A number of other algorithms have been developed for finding relevant literature. These have been developed as general-purpose tools for any biomedical domain, but can be applied to pharmacogenomics. GoPubMed performs a keyword-based search but then classifies the returned abstracts using Gene Ontology terms [
14,
206]. PubFocus prioritizes citations based on journal impact factor and number of times an article is cited [
15]. The ReleMed system requires multiple words of a query to appear in proximity and uses sentence-level co-occurrence as a statistical surrogate for the existence of a relationship between the words of a query [
16]. The system also calculates a relevance score for articles, which incorporates the proximity of search terms in the article.

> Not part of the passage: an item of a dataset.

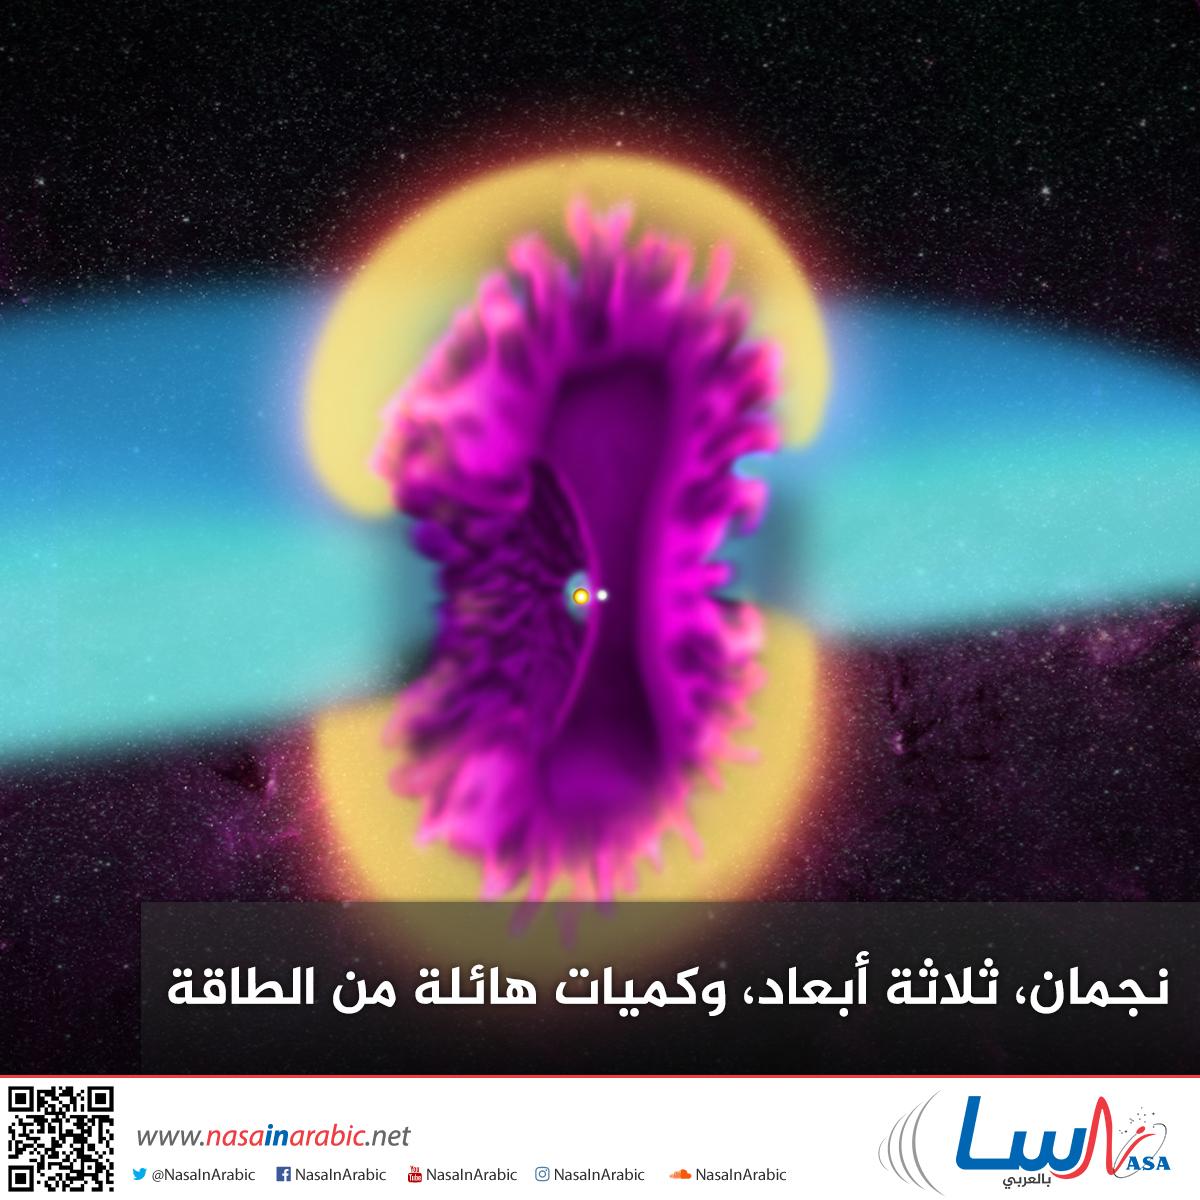 نجمان، ثلاثة أبعاد، وكميات هائلة من الطاقة

XPlorMed maps PubMed results to the eight main MeSH categories and extracts topic keywords and their co-occurrences to provide the user with an overview of the biomedical literature relevant to his query [
17]. iHOP structures and links the biomedical literature based on genes and proteins; it maps a given gene or protein query name to its corresponding database identifier and retrieves a collection of sentences and allows interactive literature exploration through a network interface where these sentences and their corresponding publications are associated with edges in the network [
18]. Pharmspresso, based on the Textpresso system, identifies articles that contain query keywords or categories (such as a drug category or polymorphism category) co-occurring within a sentence, from a corpus of full text pharmacogenomic articles [
19,
20]. See Winnenburg
et al. for a thorough comparison of the features of many of these systems [
21]. These document classification methods can be used to provide search results to a biomedical researcher, or as a filtering technology on an input flow of documents identified for database curation.
Once documents containing relevant information have been identified, the task remains to extract the information of interest from the text. This task is generally called information extraction.